Prince was a ray of light and hope that shined through the dark cloud that has been hanging over my life since I met Luc. He was also very special to my entire family. This became very clear in how my six year old nephew has dealt with Prince’s death. My nephew, like Prince, has always been well beyond his years – like an older man trapped in a child’s body. During the wake, my nephew insisted on seeing Prince in the casket. While initially we all believed this would be a bad idea, he insisted and continued to ask to see him until he was allowed.

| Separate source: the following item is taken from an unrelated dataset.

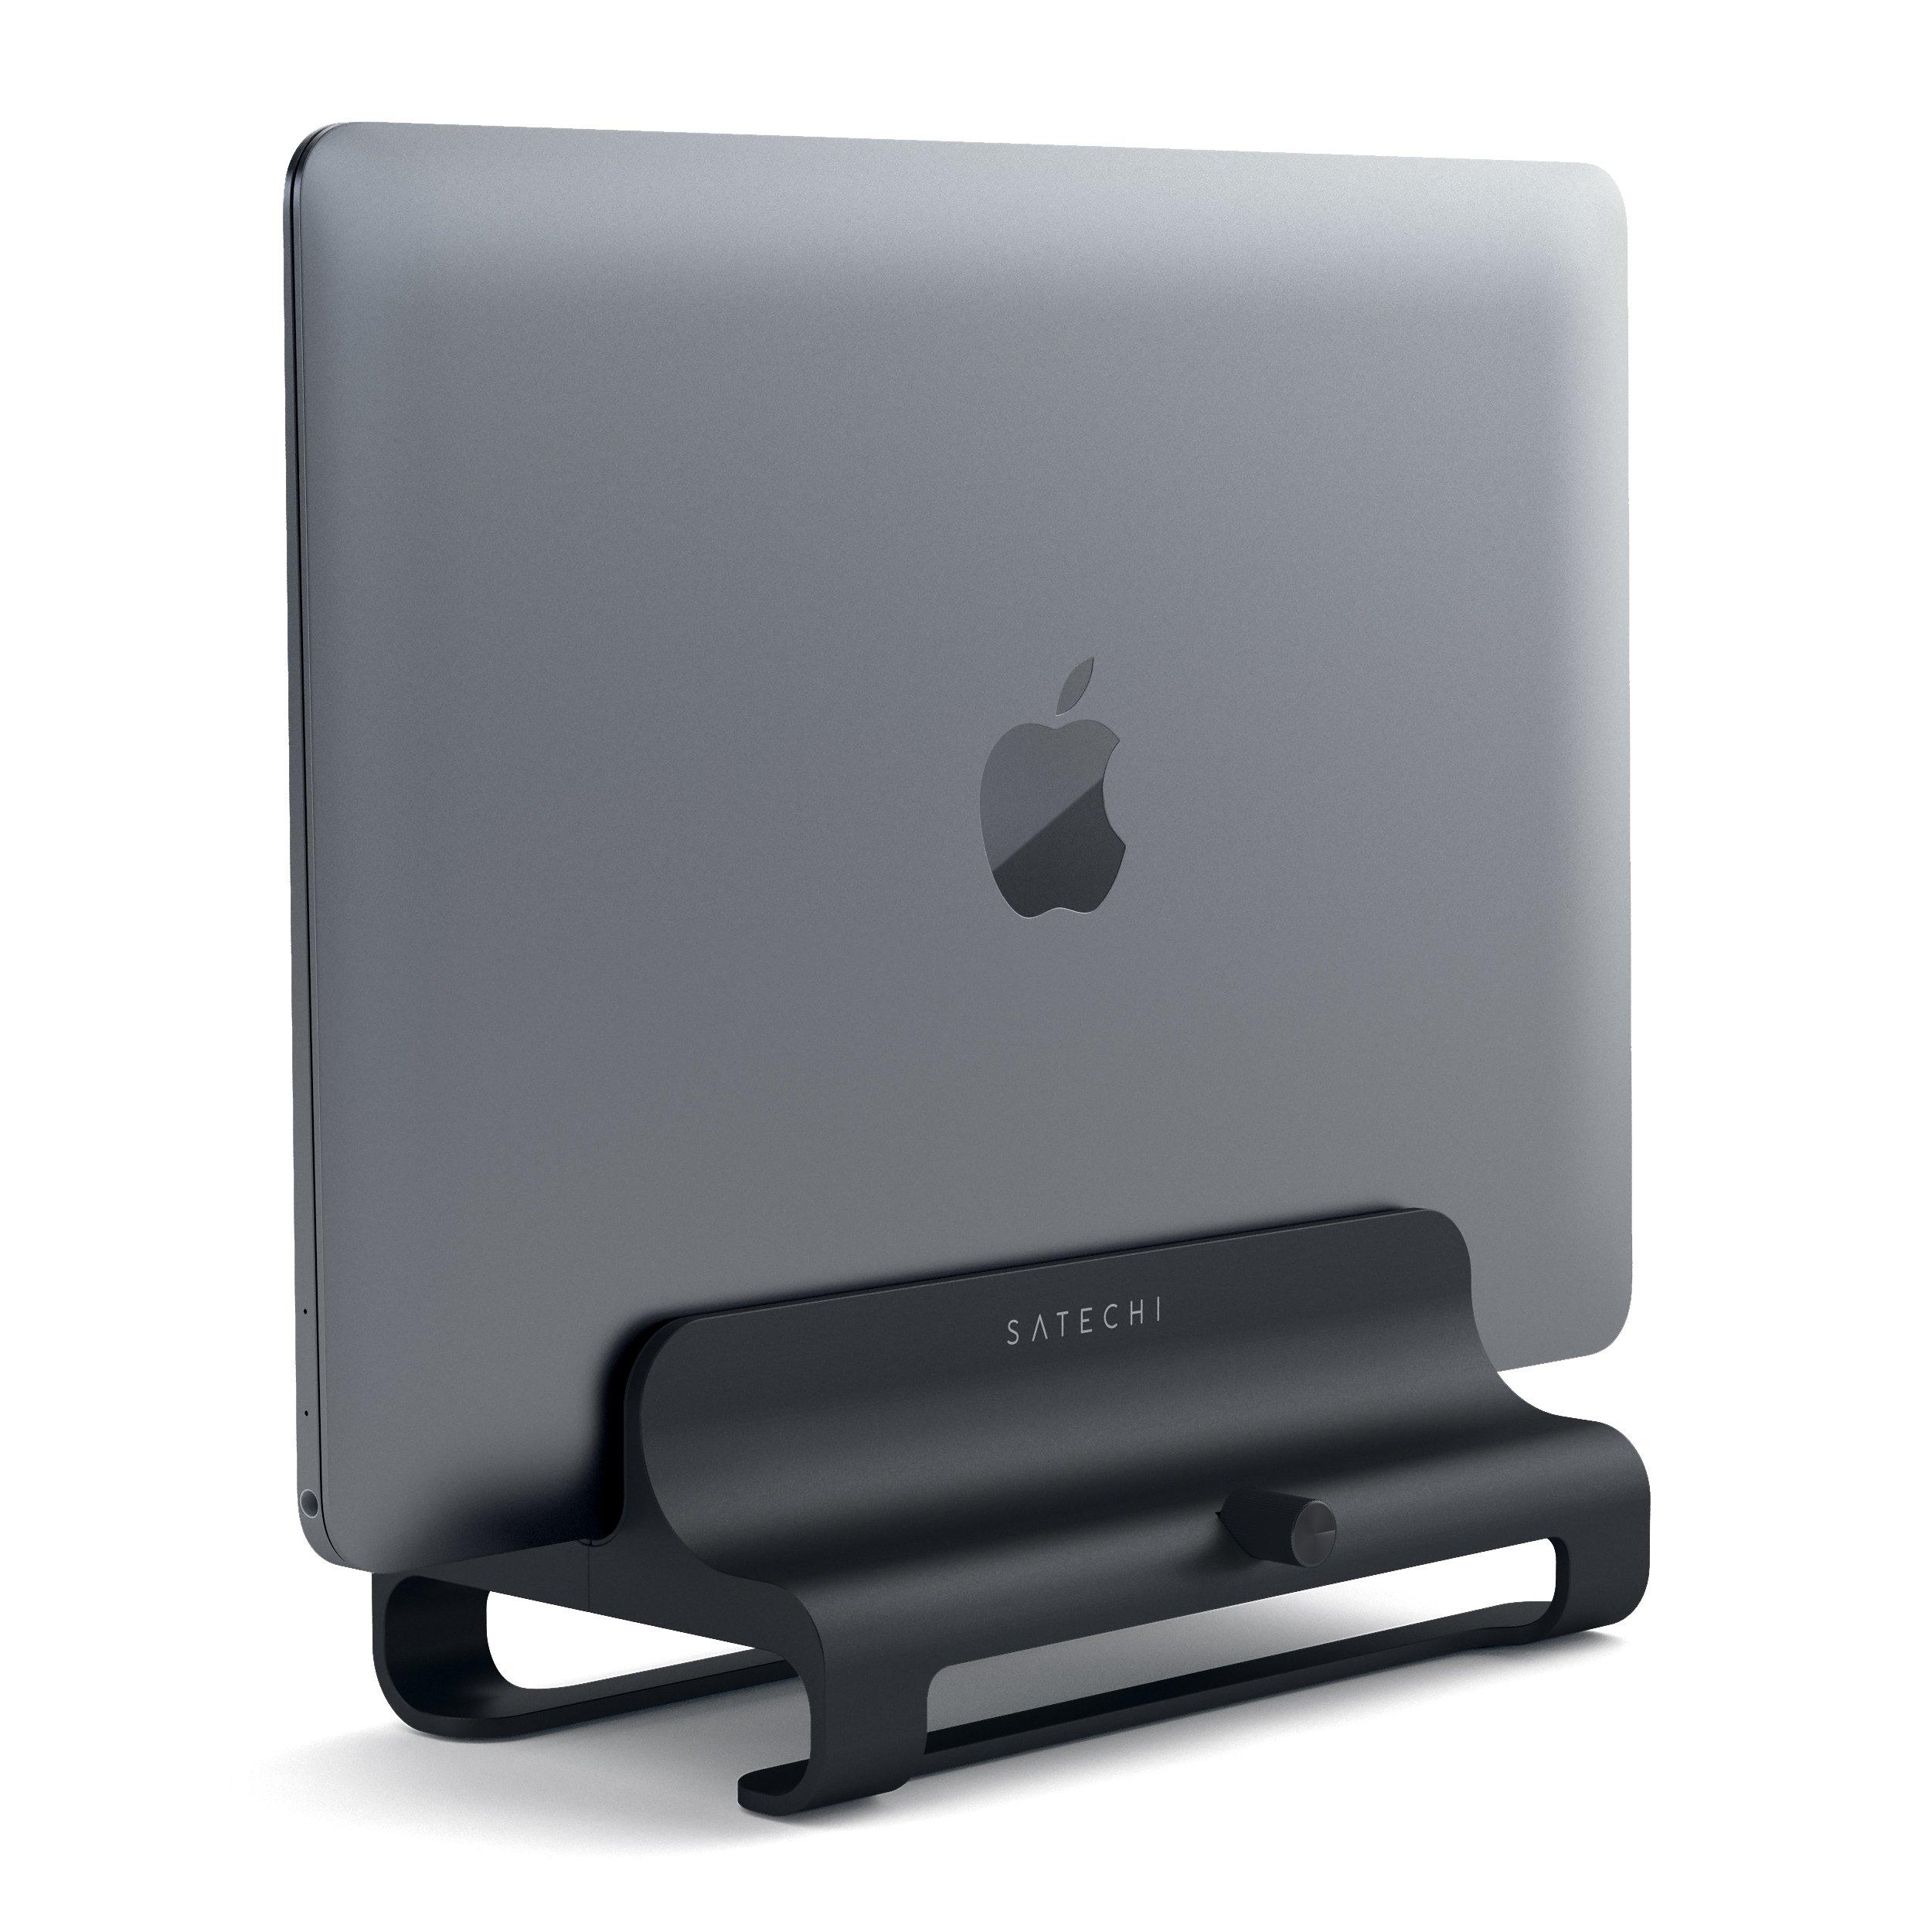 Алюминиевая вертикальная подставка Satechi Universal Vertical Aluminum Laptop Stand (ST-ALVLSK) для MacBook черный

When my nephew approached the casket, he silently looked at Prince and placed a picture he had drawn him in the casket. After a few moments, he walked away. For the next few days, every time he saw me he would just hug me and then run away. My brother and his family left to go back home the day Prince was buried. I hadn’t heard much about how my nephew was handling it until this morning.
My mother told me that while she was visiting him, she found my nephew sitting in the corner looking at a birthday card. My mom asked him if he was going to attend the birthday party. My nephew’s face dropped as he showed my mother the date of the party – it was October 21 – the day Prince died. After an awkward silence, he asked her, “Is Prince going to be ok? Is he ok where he is?”

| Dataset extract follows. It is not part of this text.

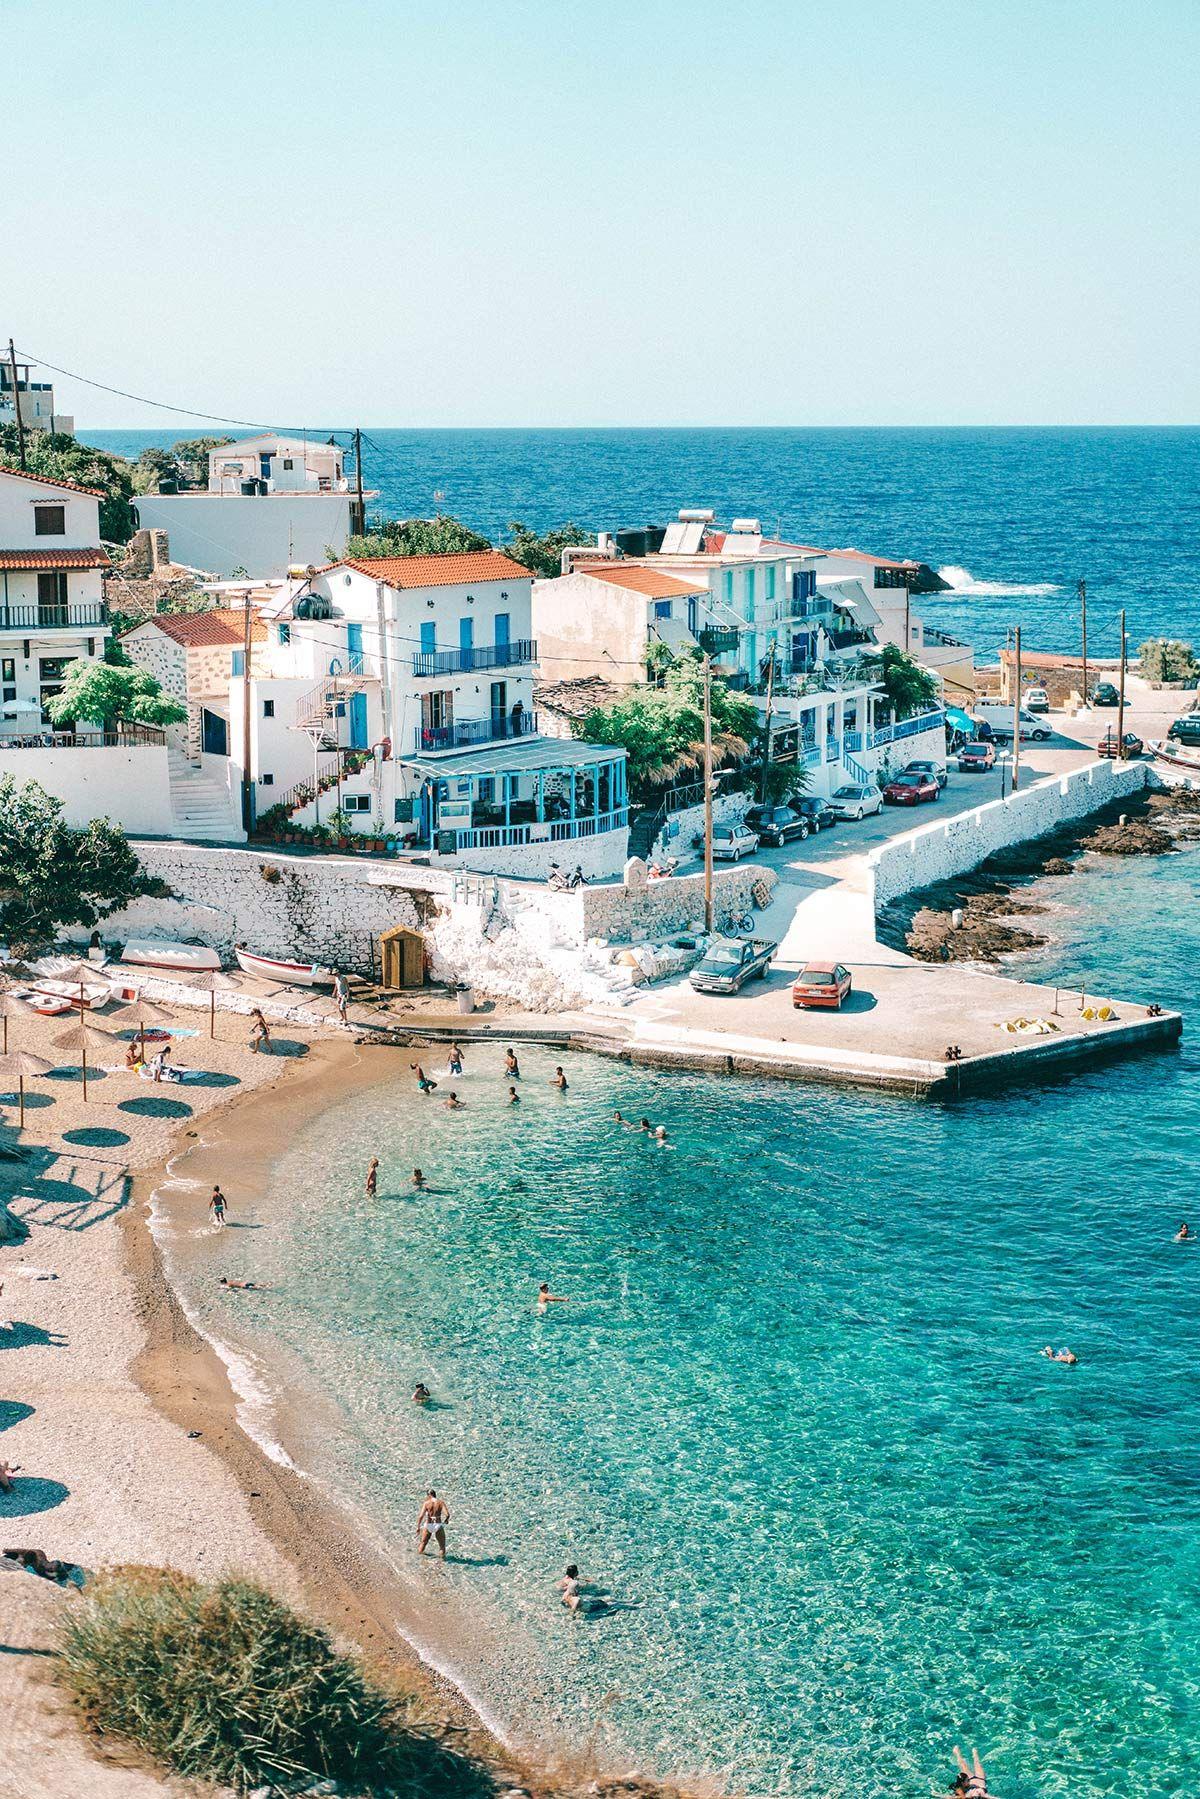 540+Die griechische Insel Ikaria – Europas Südseeparadies

I heard this story as I sat in a hotel lobby (in the state I had to flee to until Luc is arrested and I can safely return home). My heart broke all over again. It’s hurts to think about how even my little nephews are suffering the loss of Prince. The most painful thought, however, is knowing that Prince’s body and his life are NOT ok. It kills me whenever I think about how I can’t even make it ok. There is nothing I can do to protect him or make him feel better. I will never hug him again, or kiss him, or nurse him to sleep. I will never be able to whisper in his ear and tell him, “it’s ok baby – Mama is here – Mama loves you.”

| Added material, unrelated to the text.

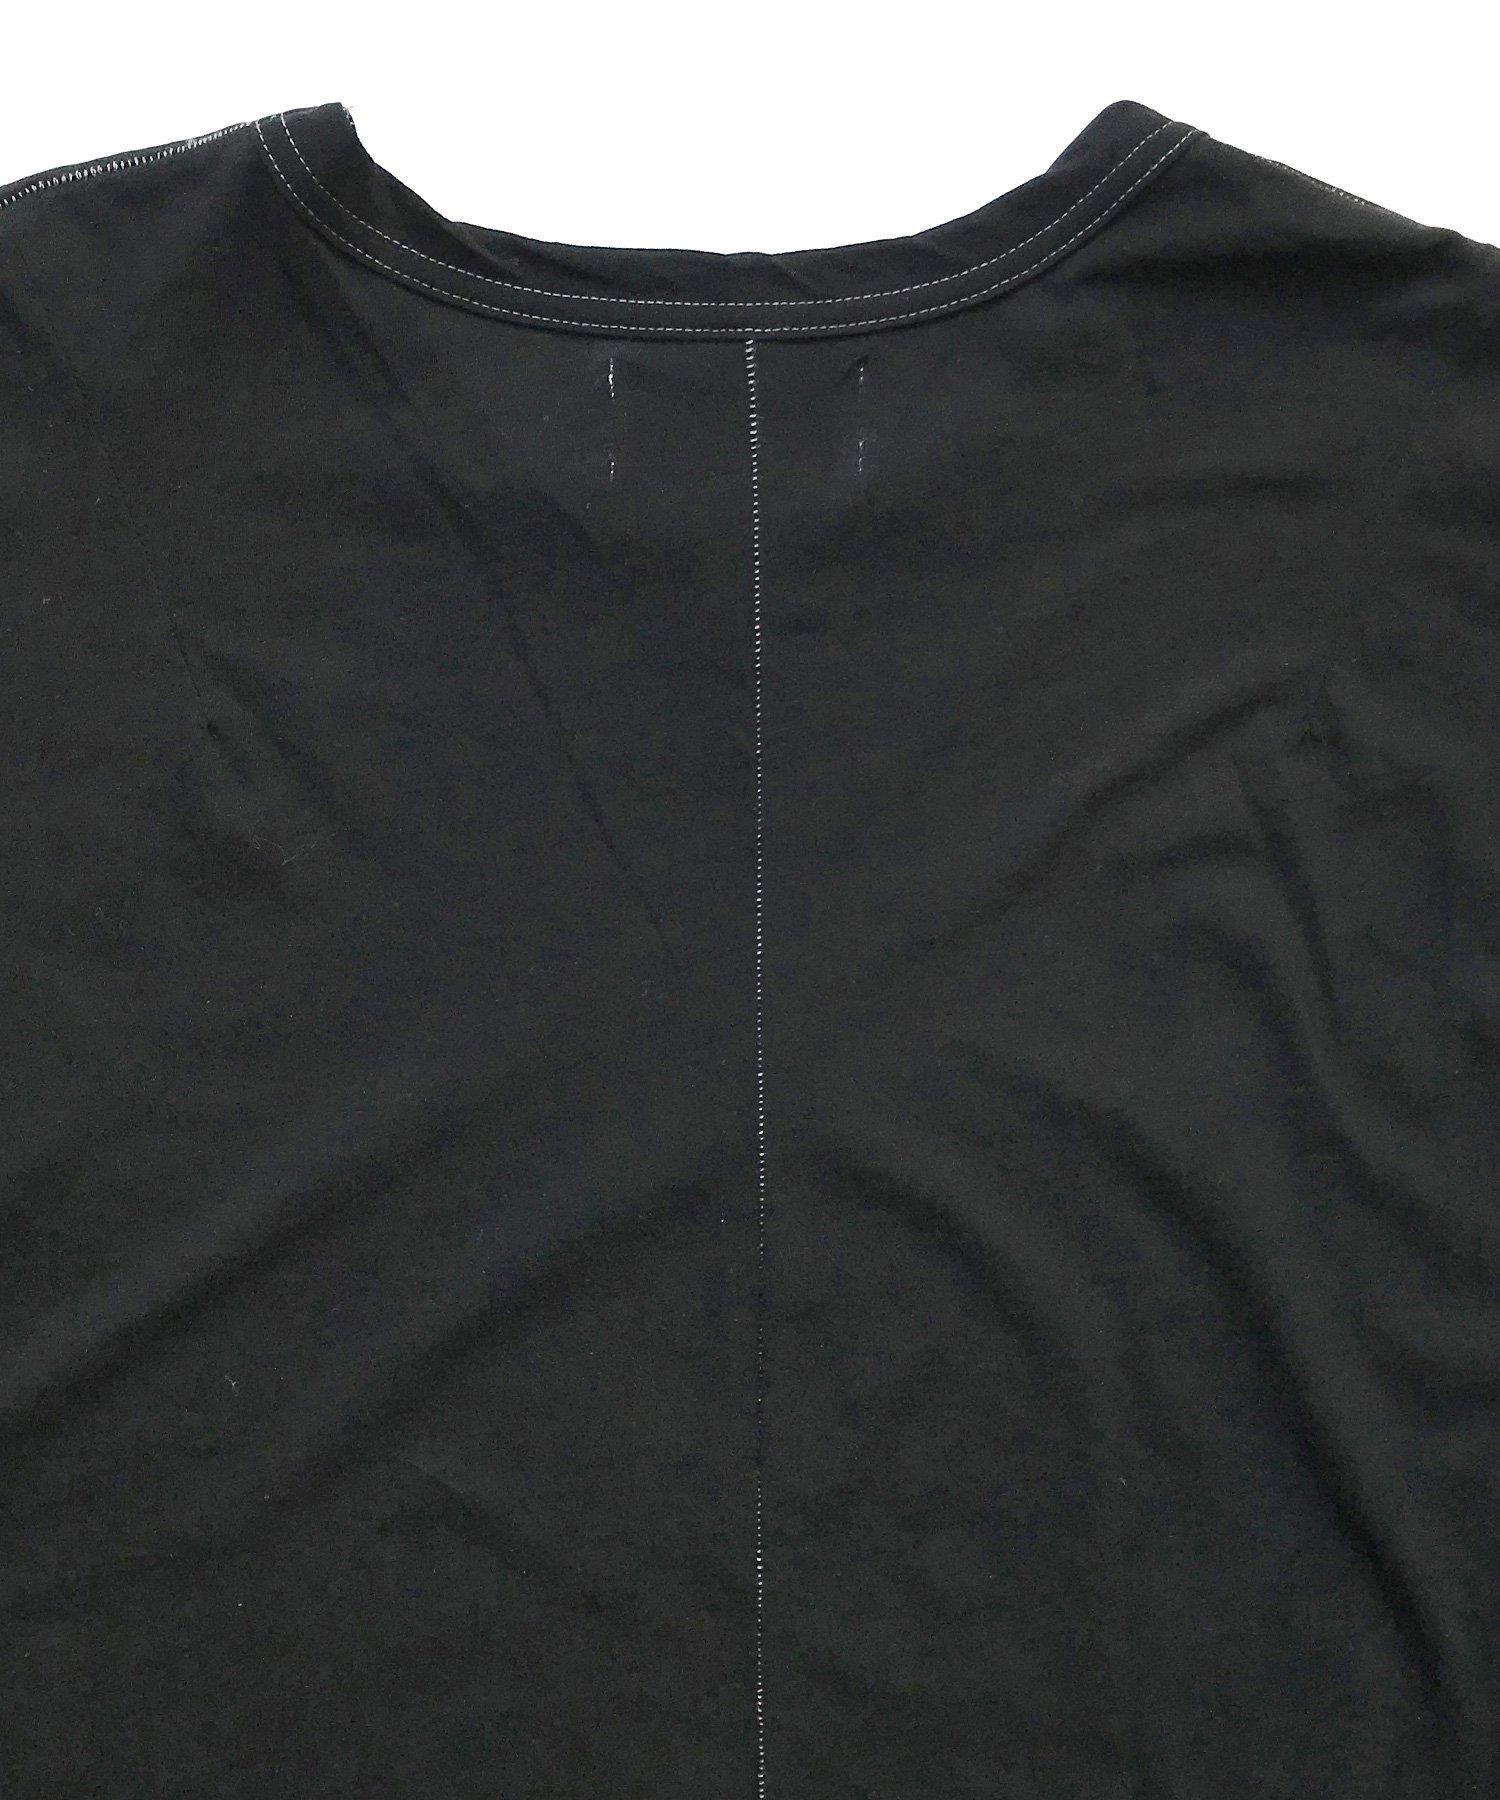 LONG SLIT L/S 【Black】

I know Prince is in heaven and Luc can never hurt him again, but that doesn’t make the pain any easier. I know Prince was an angel and God must have a plan for us, but that doesn’t stop me from being angry at myself for not being able to protect him. I am his Mama…that was my job – to protect him always.
Sometimes I feel like I am living in a nightmare and that one day I am going to wake up. Prince will be tapping me on my face as he used to do when he was trying to get me out of bed. I know, however, that this will never happen. I am not asleep and my baby is actually gone forever.
This is a horrible story for everyone reading this, but to me – this is my life.